October 26, 2012

Drop Your Nets

"I am much more terrified of living a comfortable life in the self-serving society
 and failing to follow Jesus than I am of any illness or tragedy." 
- Katie Davis written in Kisses from Katie

The day that Little Man and Baby Girl went home with their Daddy (praise God for healing and restoring families!), actually two hours after I'd returned home to an empty house, I got a call from the agency letting us know about some kids who needed placement.  I politely declined.  Three hours later a second call came.  The next day was the same. And the next and the next. Grant and I had decided upon a day a week and a half out that would mark the day we felt we'd be ready again to receive kids.  As that time passed we received all sorts of phone calls-not one day passed with out one- and turned them all down.  When the day arrived, we eagerly awaited a call, telling friends that we probably shouldn't make plans in the case that we got kids.  But no call came.

Nor did it the next day.

Or the next.

We've gotten exactly two calls for two groups of kids that we are not at all equipped for- the agency only called us because they were desperate for a placement.  But earlier this week a different kind of call came.   It was from a friend of ours from church.  She's been mentoring a woman from a recovery home, and this woman recently had her rights to her daughter terminated.  Her two year old is in state custody, but her foster mom doesn't wish to adopt her, so Robyn called to speak to us about our openness to the idea of adopting her.

Whoa.  I keep referring to this event as a "curve ball" but it felt more like I felt that time I fell out of the tree in our back yard in base housing and landed on my back and couldn't breathe for what felt like five minutes.

We've inquired about this child and her agency has our information if the other two families who are interested in adopting her don't pan out.  We praise God that she is so loved and so wanted already!  We're open to learning more and to possibly adopting her, but we've reached a really relaxed place.  Just waiting and listening.

Throughout all of this, each time I find my selfish self (She's a big girl, that self.  Like, morbidly obese and extremely tall-think linebacker shape and size.) speaks up and tries to take over this process of being totally out of control of how our family is formed, I hear something else too.

Drop your nets.

It's what Jesus said to the men who'd become his followers.  Leave your work, your day job, your source of food and income.  Leave the family you know, the place you're comfortable and happy, and come with me.  Follow me.  There wasn't time in this scenario for those men to evaluate the size of their 401K and decide if they were satisfied, to regard how comfortable or uncomfortable following would make them, to slowly alter their lifestyle so that they could adjust to this new way of living- the expectation was that they drop what they were doing at that precise moment and go.  Looking back over what we've experienced thus far, I can hear it again and again.

Drop your nets.
Drop your nets.

This call has meant a lot of things along the way, all of which did not adhere to our preferred level of comfort or the timeline we'd so carefully mapped out.  But, whoa, what would we have missed had we not obeyed then and there?

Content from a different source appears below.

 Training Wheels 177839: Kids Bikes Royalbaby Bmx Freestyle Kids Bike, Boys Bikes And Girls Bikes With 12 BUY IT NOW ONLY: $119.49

Does the idea of being done with foster care for a time and pursuing an adoption (and dealing with the legal and financial implications of that-which from what I hear are a couple steps down from the "fun" benchmark) appeal to me right now?  Honestly?  No, not so much.  I want to continue foster care and let an adoption happen organically as it may.  That'd be my preference.  Right now me "dropping my net" means being open to the idea of this two year old sweetie who needs a forever home.  It may never fall upon us to pursue this, but the Lord is working in our hearts right now in big ways to be willing to be obedient- no matter what.

What if those fishermen wouldn't have obeyed?  They'd have probably lived the lives of upstanding, Jewish fisherman, in the same place, comfortable and with their families- but what about the miracles upon miracles they got to see and experience?  And the stories they heard?  And the friendship and community they shared with one another (as well as with the Creator of the cosmos in human form- you know, no big deal.)?  And the miles and miles they traversed all the while with their Lord, slowly digesting the bigger picture of who He was and why He was there at all.

I don't want to miss that stuff.  I don't want my husband or our marriage to miss that stuff.  We like adventure- like everyday, hour-to-hour, all the time adventure.  So we're gonna keep listening, staying ready and praying for strength and willingness while we wait. 

Lord, loosen my grip on what I think is mine.  
Teach me to be ready and willing to hear and obey you 
at any time.


p.s. My blog posts have begun to become painfully long- but this is the only sort of "journal" I keep now- I want to remember these things.